# Открытый раздел > Вечные темы >  Отдам рубрику на ТВ в хорошие руки!

## MARY

Два с половиной года я вела в утренней программе рубрику "Молочный зуб". С удовольствием вела. Потом ушла рожать и выращивать Мишу. Рубрику продолжали делать другие - не слишком удачно, на мой взгляд, но она жила. И вот сейчас сложилась ситуция: люди уходят и детскую тему вести некому. Поэтому редактор программы Оля Сергеева попросила закинуть удочку в среде ЕР:может быть, есть энтузиасты, готовые вести тематическую рубрику на ТВ? Очень важно, в чьих руках она окажется! и кто будет формировать взгляды нового поколения мамочек Калужской области! Денег много не обещаю - это на условиях договора, гонорары копеечные. Но, может, кто-то мечтает о самореализации? А потом можно и в штат перейти.... Я, кстати, с этой рубрикой трижды выигрывала областной конкурс журналистских работ на тему "Семья и дети" и как-то раз даже на Всеросе 2 место заняла. А это, кстати, премии)))))))))))

----------


## Домик в деревне

Я бы очень хотела, но также надеюсь, еще до конца этого отпуска по уходу за ребенком уйти в следующий.
Но знакомым мамам скажу, очень хочется чтобы был там хороший человек!

----------


## Веснушка

заманчивое предложение,особенно идейно! боюсь не потянуть только....

----------


## kazangi

Потянешь! мне кажется, у тебя все для этого есть!

----------


## Веснушка

все это что?

----------


## kazangi

активность, судя по статье о весне - с речью все нормально, есть ребенок))) - живой источник тем перед глазами, раз отписалась тут -  действительно интерес есть, (многие видели объявление, но ничего не написали тут)

----------


## Веснушка

Ирин,спасибо, не ожидала)))))) да вот как раз насчет речи и сомневаюсь, да и вообще опыта такого нет. интерес есть, к тому же хочется продвигать в массы ЕР, ну хотя бы немного. проблема со временем еще, да вот на работу собралась выходить, конечно неточно это все еще....да может и не возьмет меня никто))))))

----------


## MARY

Возьмет-возьмет!
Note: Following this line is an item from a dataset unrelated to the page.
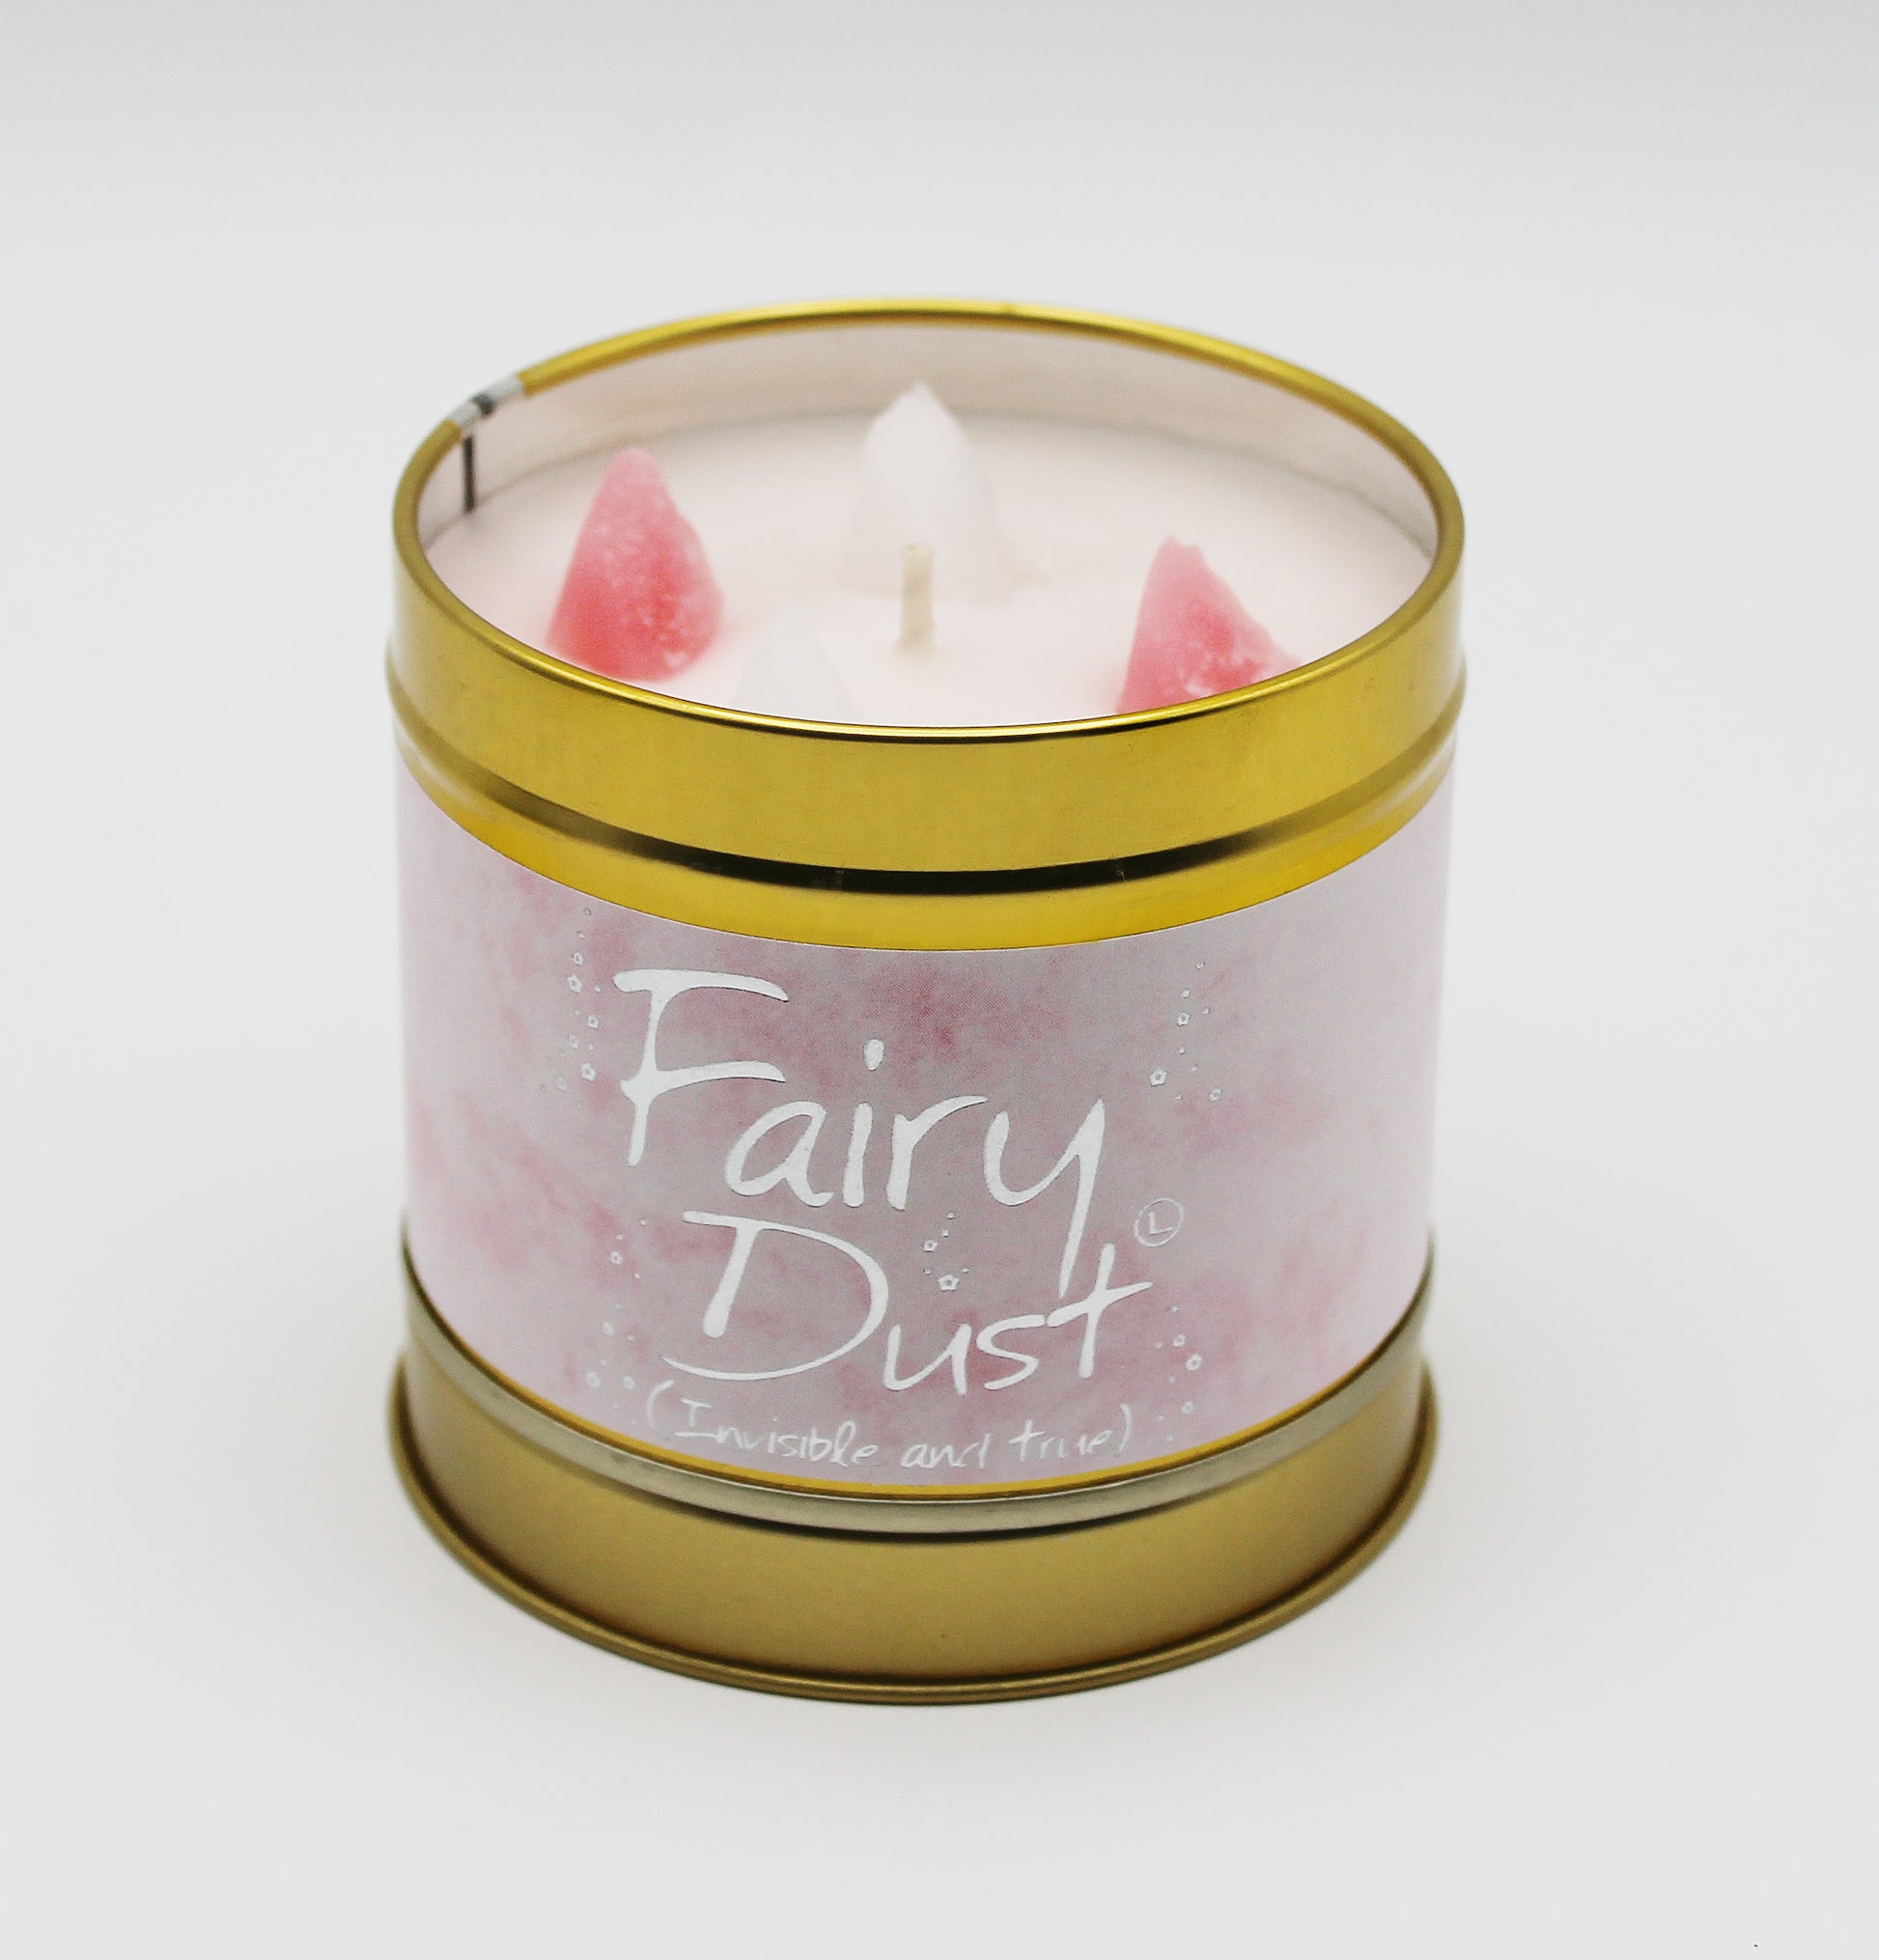 Fairy Dust Candle from the Giving Box
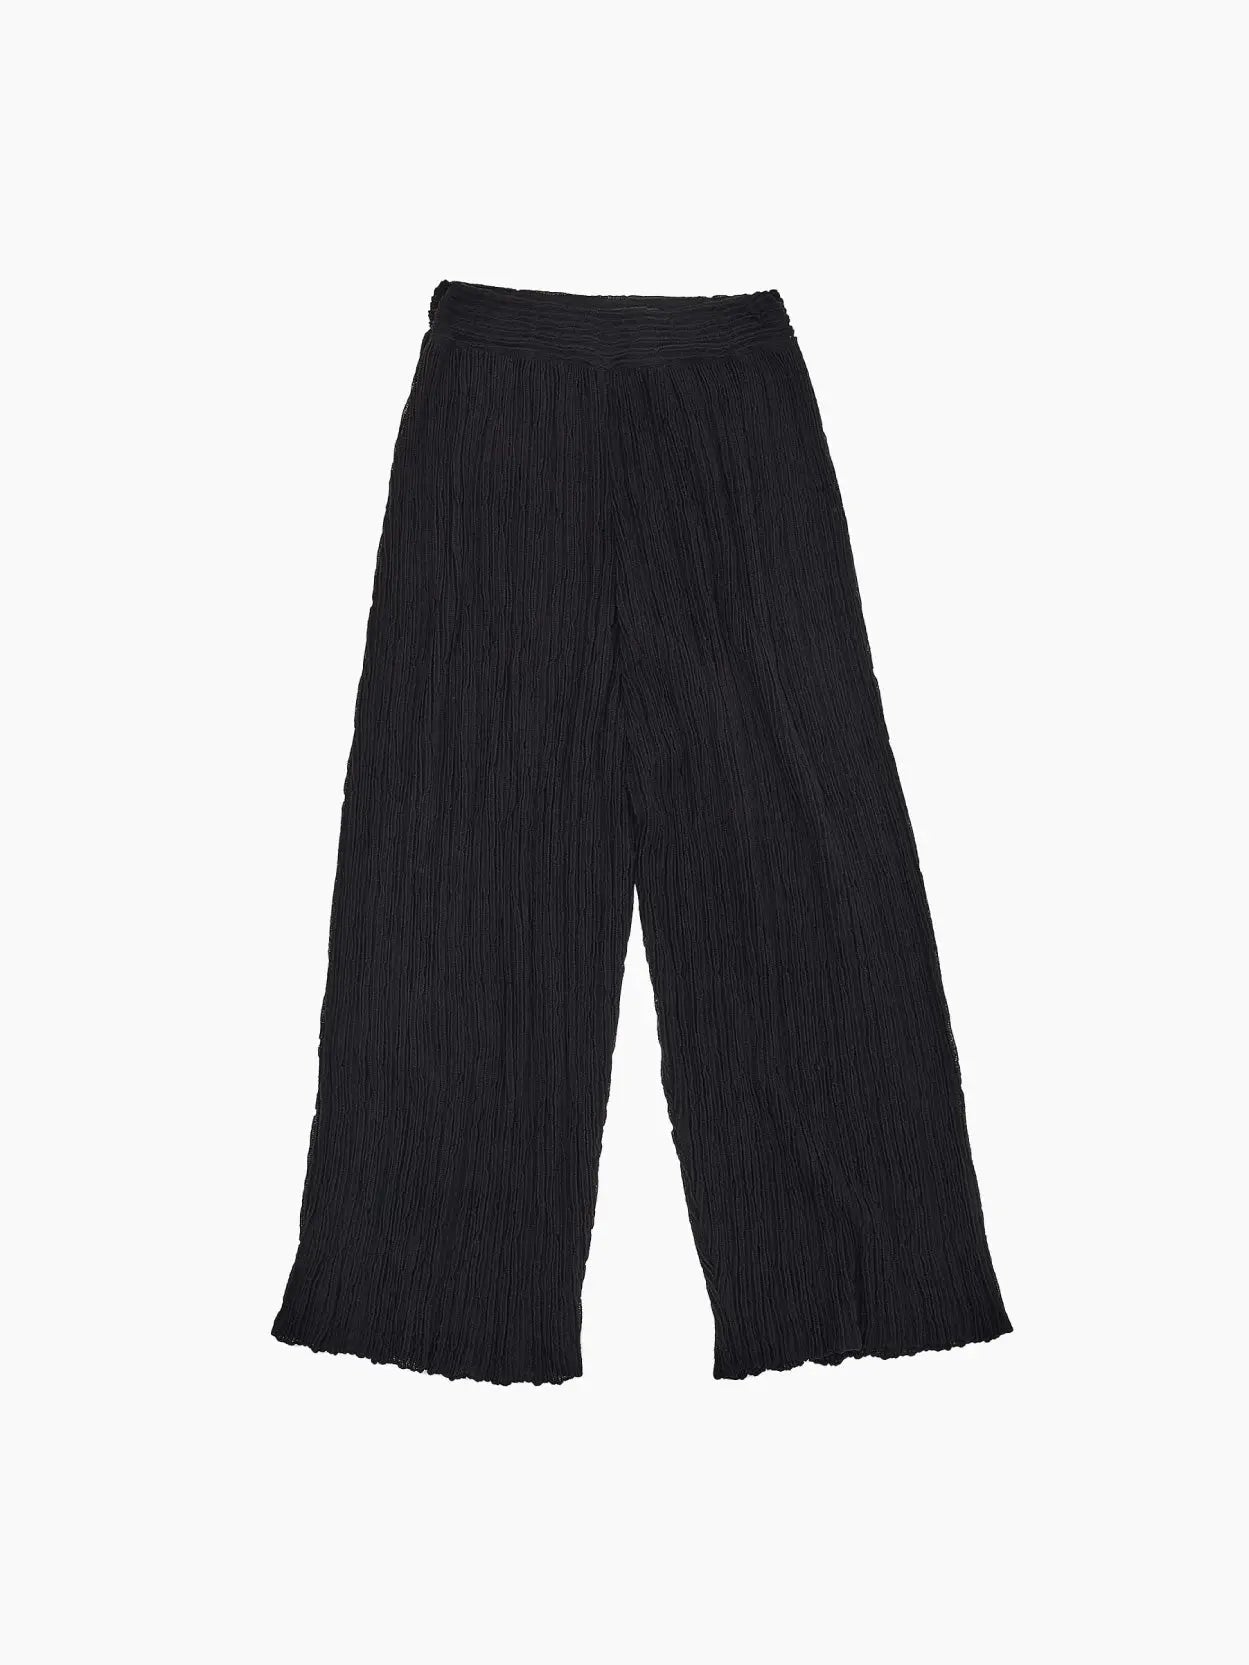 A pair of black, wide-leg pants featuring a crinkled texture and an elastic waistband, laid flat on a white background, available exclusively at Bassalstore in Barcelona. The product name is Hasami Pants Black by the brand Rus.

Это же от них предложение исходит! Я бы взяла! Если условия - график выхода раз в неделю при почти полном отсутствии заработной платы - не пугает, то телефон Оли Сергеевой <<текст скрыт>>. Готова помочь в стажировке)

----------


## MARY

Все кадровые вопросы в Легко решает Дмитрий Ченцов, но  я могу позвонить и предупредить, что это человек - по моей рекомендации.

----------


## Веснушка

ох,страшновато как то...график и отсутствие зп не пугает)))  к тому же если раз в неделю,то можно и с полставкой моими совмещать. нужно Оле позвонить, да?

----------


## MARY

Еще не позвонила? я Оле уже все сказала, она ждет!

----------


## kazangi

Не получается у того, кто ничего не делает! Звони!!!

----------


## Веснушка

Ирин, я тоже так подумала, вчера позвонила и договорилась о встрече! Марина, спасибо большое за поддержку, надеюсь, все получится))

----------


## kiara

Можно слюбопытничать - получилось?

----------


## Домик в деревне

Шепотом *вроде да!* Веснушка, подтверди! И как тебе вообще там?

----------


## Веснушка

подтверждаю)) мне нравится, но я только учусь)) хотя сюжеты уже выходят, по вторникам, с 8 до 9 в программе Легко на Нике. смотрите и оценивайте! мне нужна критика)) конечно, проблема - нехватка времени...потому что по первости у меня его уходит много, а малявку оставлять иногда и не с кем...в общем, я буду стараться. Спасибо Марине Глушенковой за этот шанс, и огромное спасибо за поддержку!

----------


## kiara

Класс! Поздравляю! Спецом во вт встану смотреть))))

----------


## kazangi

во вторник наверное мы будем))) но себя не увидим.

----------


## lastochka

А в интернете можно вас где-нибудь посмотреть? так хочется!!!

----------


## Веснушка

в интернете сюжетов выкладывают очень мало)) ну можно на сайте ники попросить)) может и выложат...

----------


## Домик в деревне

Попроси! Я видела, достаточно много сюжетов выкладывают на сайт Ники, мы бы посмотрели. Я вот тоже не имею возможности по телевизору посмотреть, а Очень хочется!

----------


## MARY

Попробую резюмировать. Веснушка изначально оказалась в довольно щекотливой ситуации: та девушка, которая вела рубрику,в Новости не ушла и осталась в Легко. У рубрики стало два ведущих. Но, я думаю, Оля вполне справилась: во-первых, она фонтанирует темами - ей есть, что сказать. Во-вторых, быстро учится. Уже успешно сняла про рисование разными подручными средствами, долгокормление, педагогический прикорм, двойняшек и... наверняка, уже успела еще про что-то. Пожелание одно - больше динамики в сюжете!
Есть один побочный эффект творчества Веснушки: второй автор Молочного зуба, почувствовав кокуренцию, стала больше стараться)))
Что касается возможности посмотреть в Инете. Нужно не просить через Веснушку, а активно требовать этого на сайте телекомпании на страничке Легко! Гораздо больше вероятности добиться успеха!

----------


## Домик в деревне

Ага, девочки, я, прям, вот не поленилась - зарегистрировалась и попросила http://www.nikatv.ru/index.php/forum....html?start=40
И всем рекомендую сделать также!

----------


## kazangi

http://www.nikatv.ru/index.php/legko.html еще сюда можно просить

----------


## Веснушка

девчонки, мои сюжеты не выходят под рубрикой молочный зуб)) можно просто просить как сюжеты про детей, Ольги Медведевой. сюжеты были такие: рисование, за общий стол (педприкорм), двойняшки, возвращение ГВ, красивая еда для детей, расскажи мне сказку.

----------


## kazangi

а сюжеты некоторые уже выложили))

----------